● **Extracted material**:
--

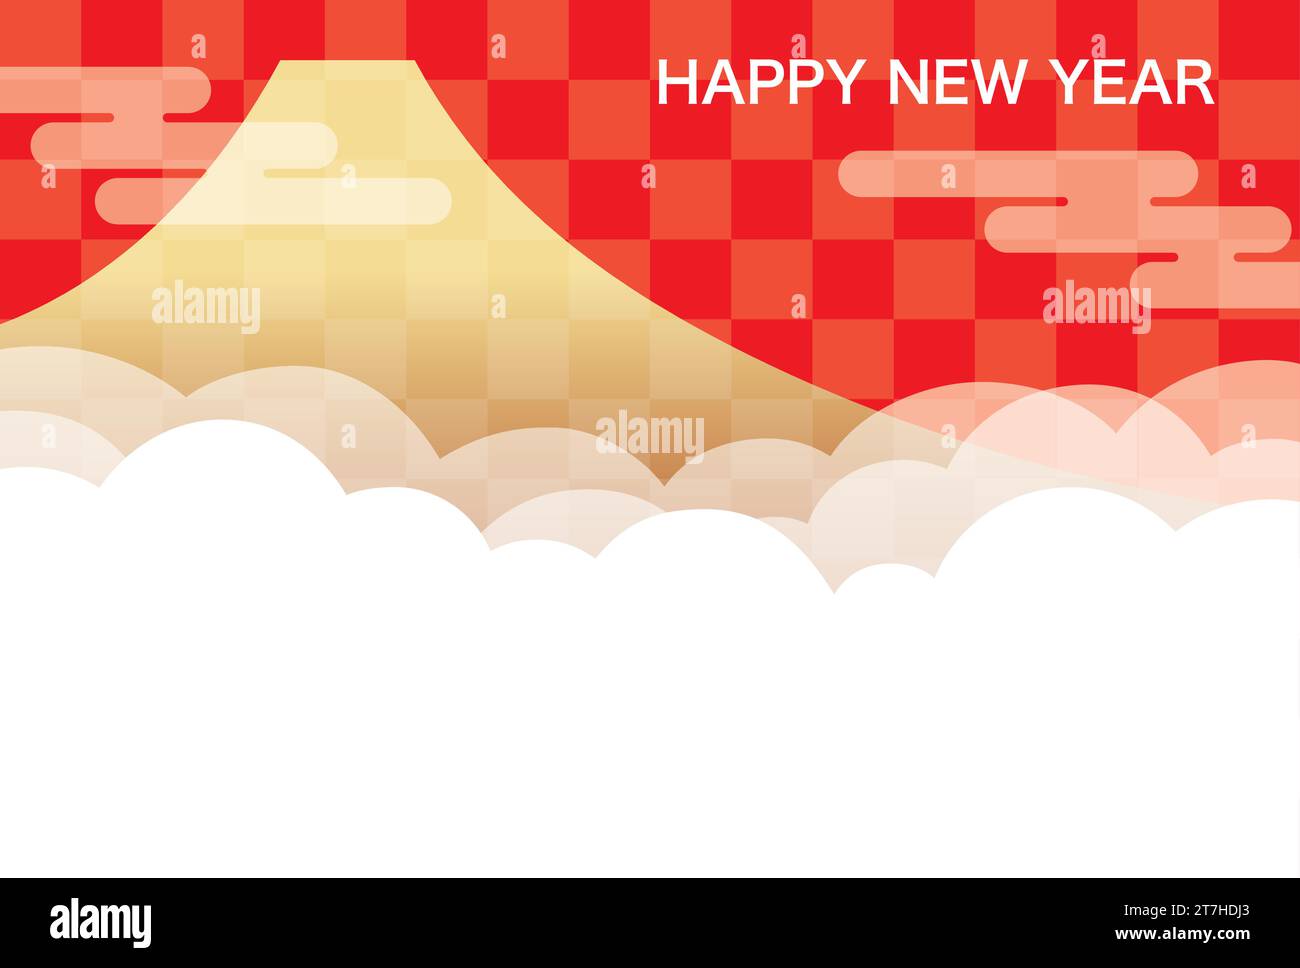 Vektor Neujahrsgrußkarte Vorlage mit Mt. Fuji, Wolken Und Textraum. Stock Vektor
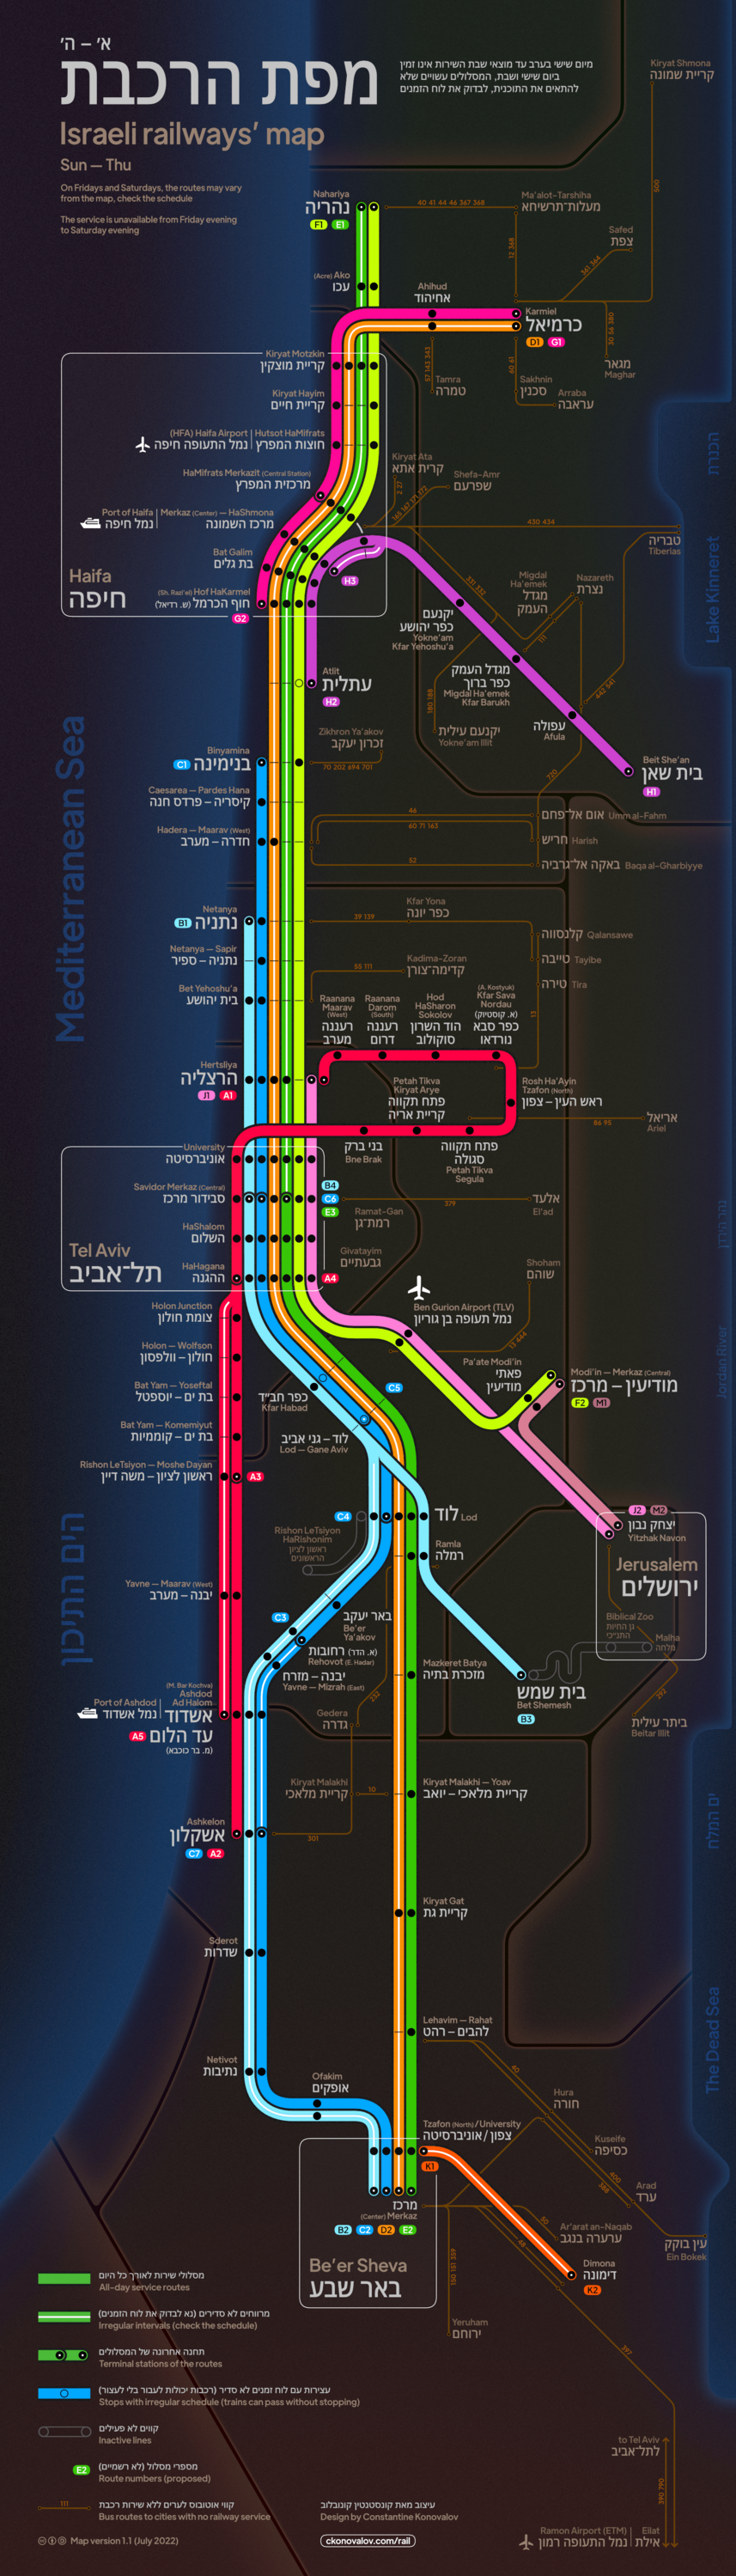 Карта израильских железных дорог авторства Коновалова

--

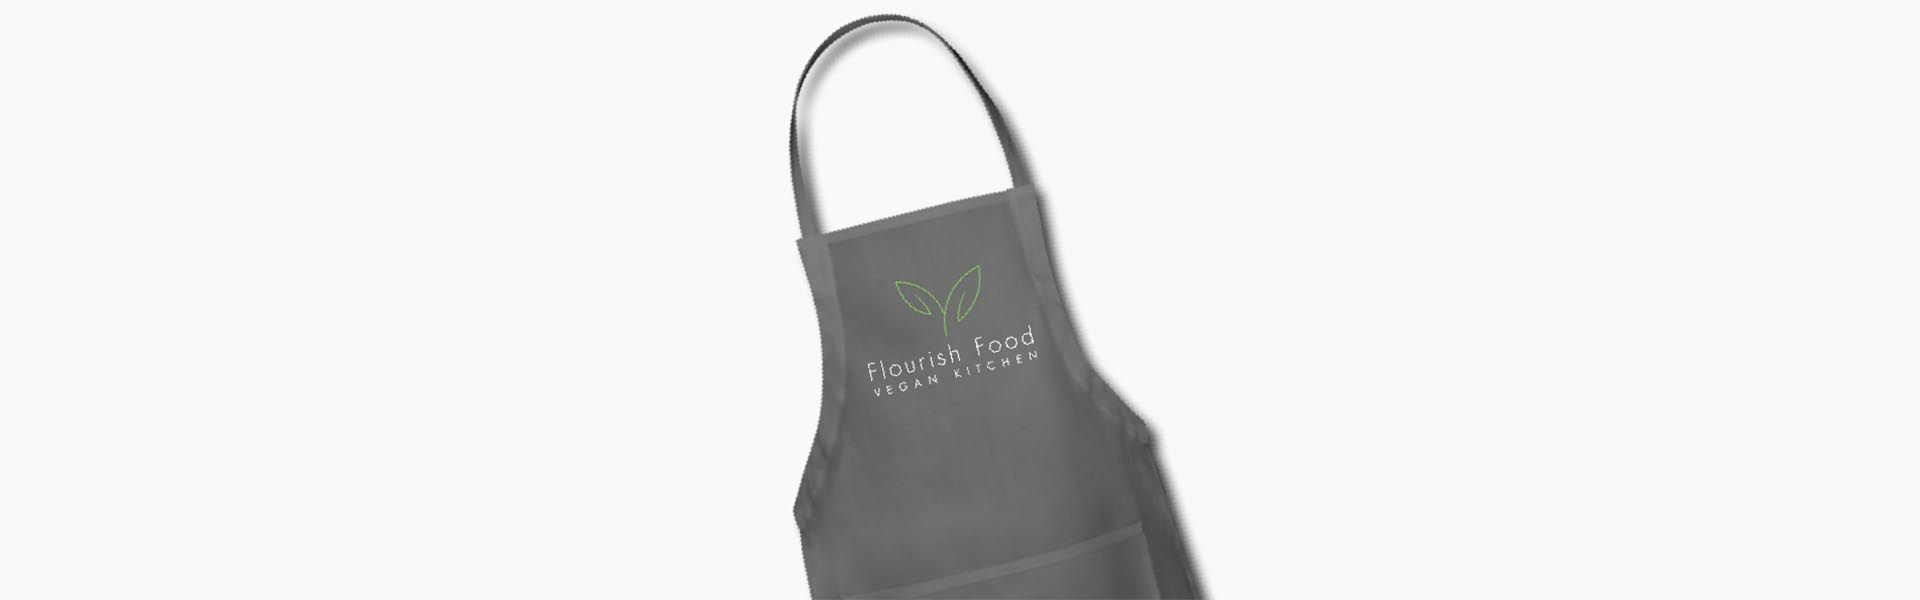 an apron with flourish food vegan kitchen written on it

--

● **What is expected**:
With the pictures omitted, copy the entries above exactly from the line containing "Vektor Neujahrsgrußkarte Vorlage" through the line containing "Карта израильских железных", both lines included.

● **Answer to this problem**:
 Vektor Neujahrsgrußkarte Vorlage mit Mt. Fuji, Wolken Und Textraum. Stock Vektor
 Карта израильских железных дорог авторства Коновалова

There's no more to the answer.